I have come to learn that a different type of strength is needed. As the world becomes more connected via social media and smart phones, this new type of strength has begun to gain traction: the strength of vulnerability. Originally, when I heard that people should be comfortable with being vulnerable, I thought it was the dumbest idea to ever pass through my ears. Why would I ever let my guard down and expose my true feelings to others? As someone who was ridiculed for them in the past, it seemed like an inferior strategy of dealing with emotions.

Over the course of this year, I have observed the polar opposite. Vulnerability isn’t about appearing weak, but about being honest with who you are. The strongest people are not just those who can punch the hardest, smile the brightest or are the wealthiest.

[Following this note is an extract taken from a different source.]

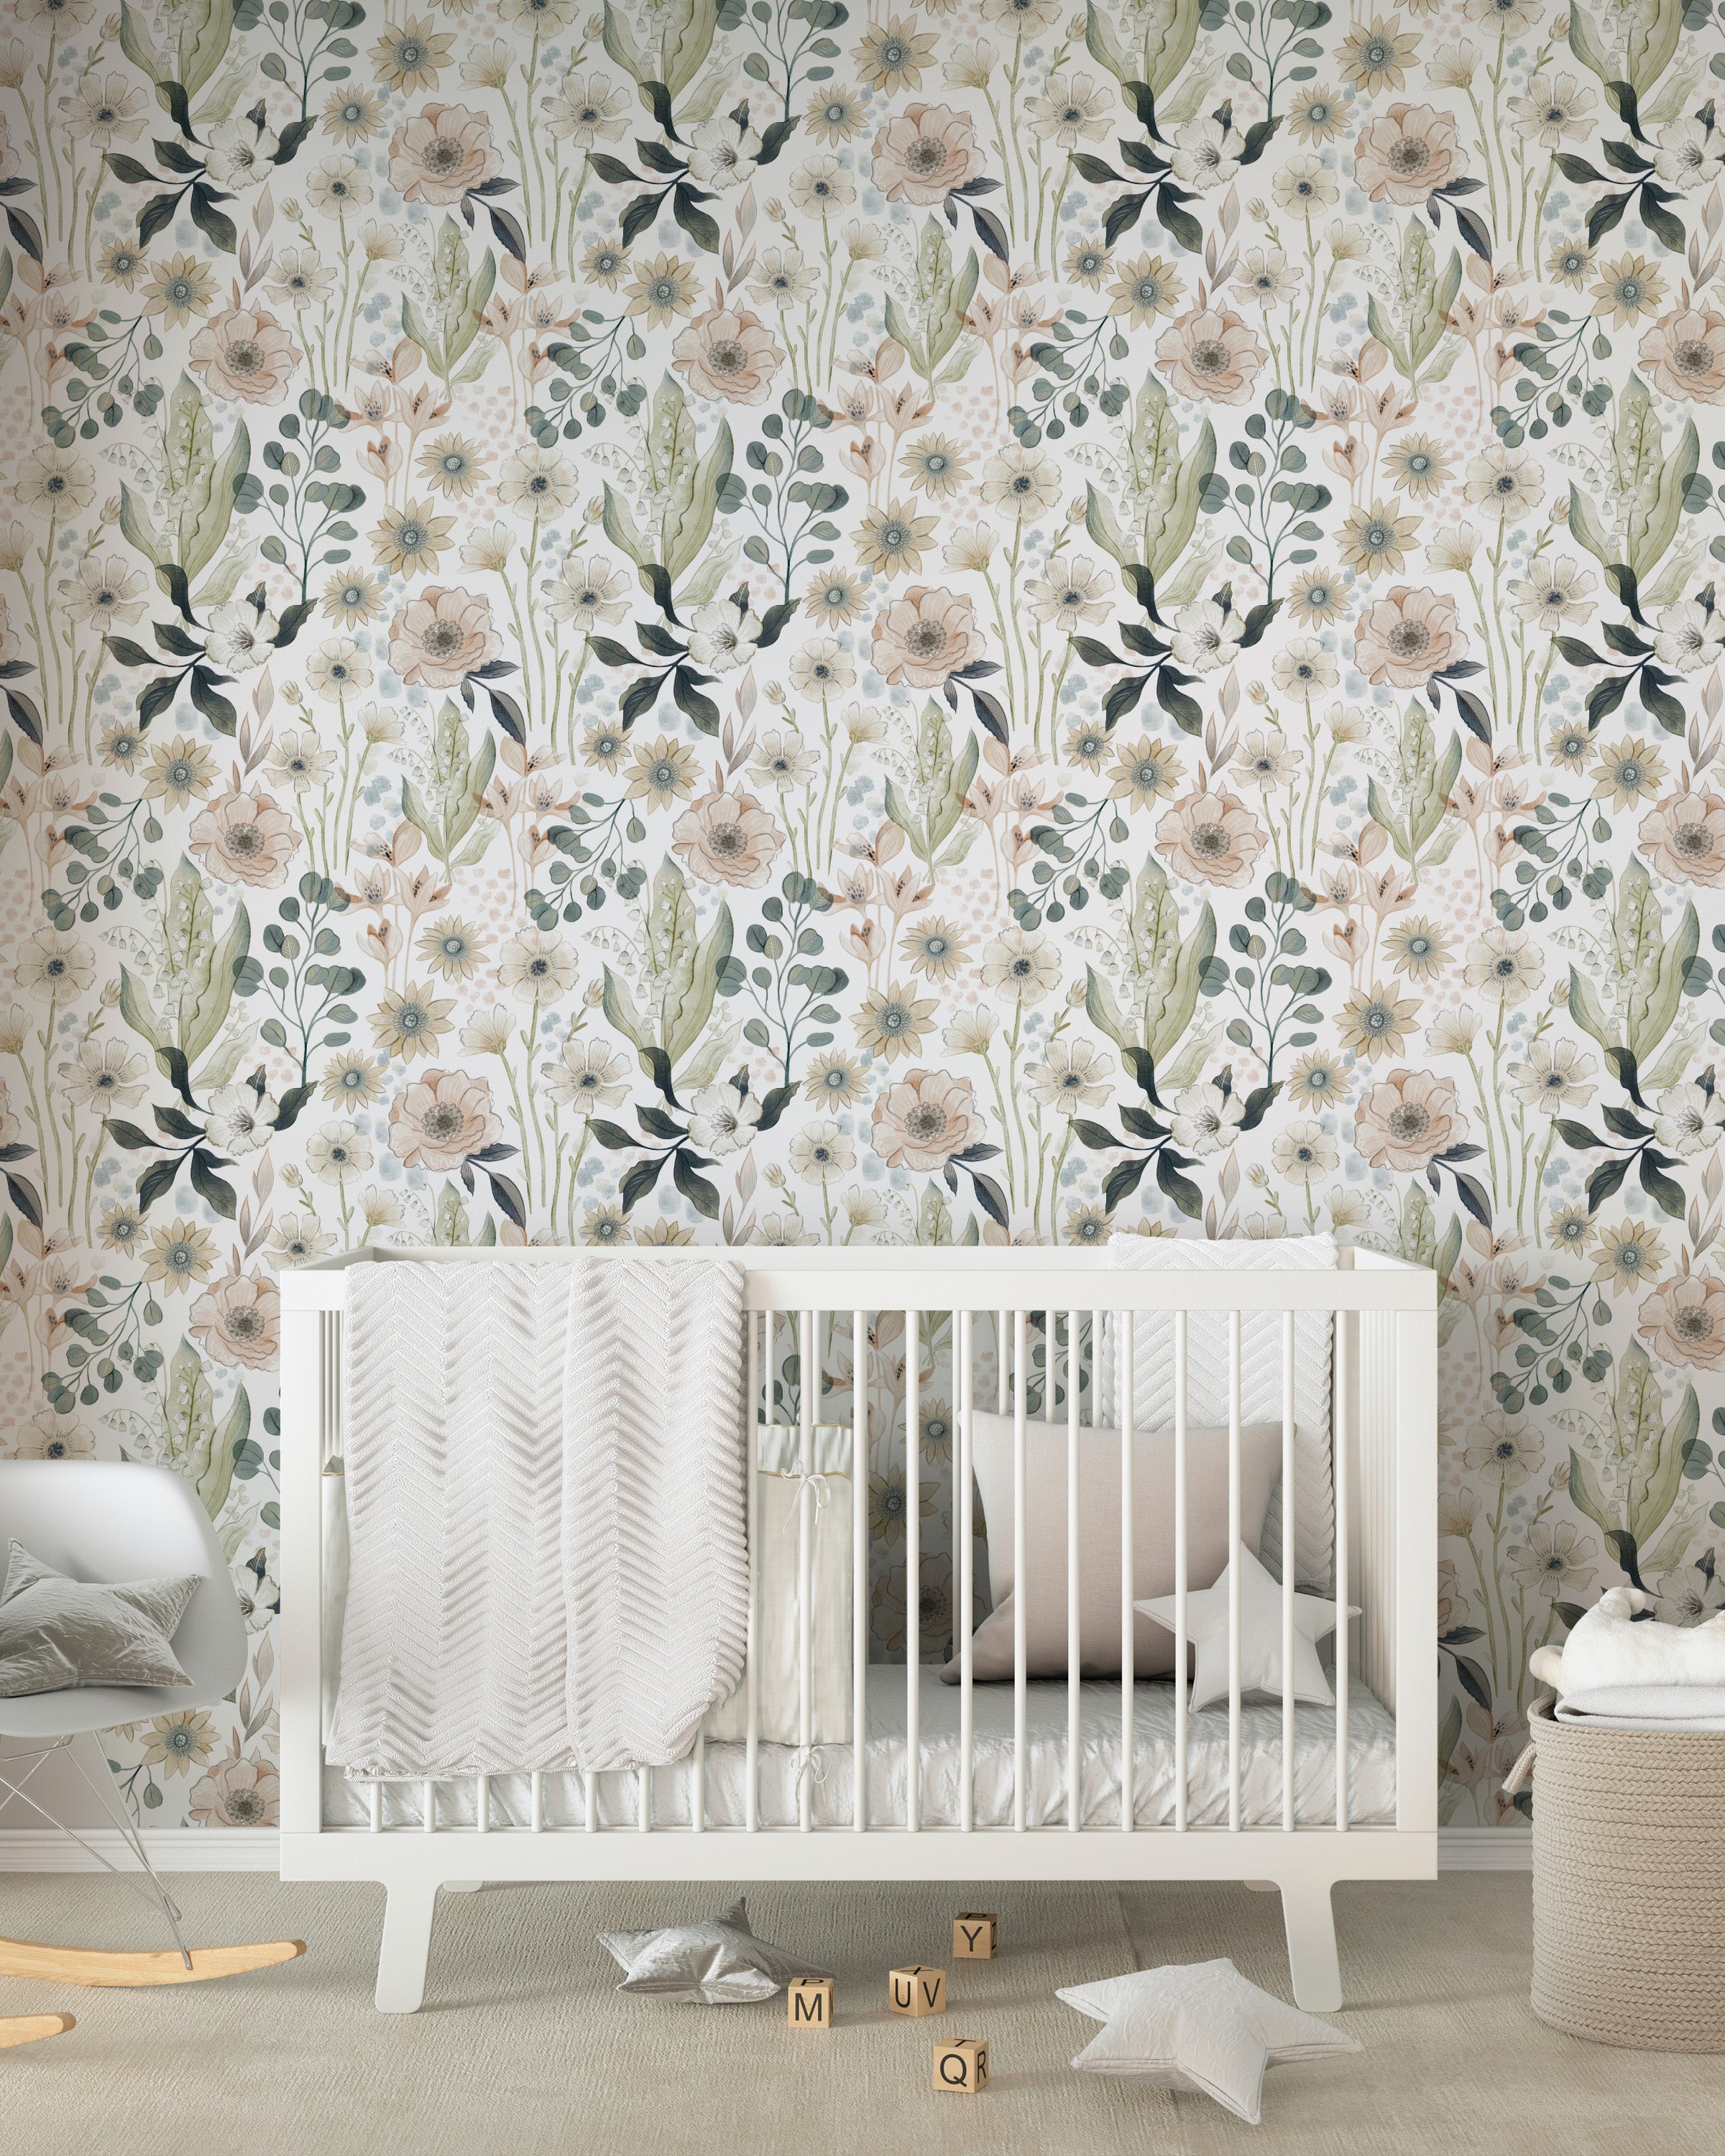 A cozy nursery room featuring a floral wallpaper with a design of large and small flowers in shades of beige, cream, blue, and green. The room includes a white crib with a soft gray blanket and a pillow, wooden blocks on the floor, and a round storage basket nearby.

The leaders of our generation will be people who are comfortable expressing their true nature to others. They don’t always hide behind a mask, they willingly take theirs off, so that others feel comfortable to do the same. Strength in solidarity is truly what people seek – to be seen in a group; to feel like they are cared for; to have a voice are all strengths that grow fastest when humans are strong enough to show their true selves and lift others up.

For most of my life, I exercised to turn pain and humiliation into my weapon, my strength. But the society we live in needs to include more compassionate approaches to dealing with struggles if we are to realise our full potential. Vulnerability is therefore not weakness, it is a gateway to having a more positive relationship with yourself and our community.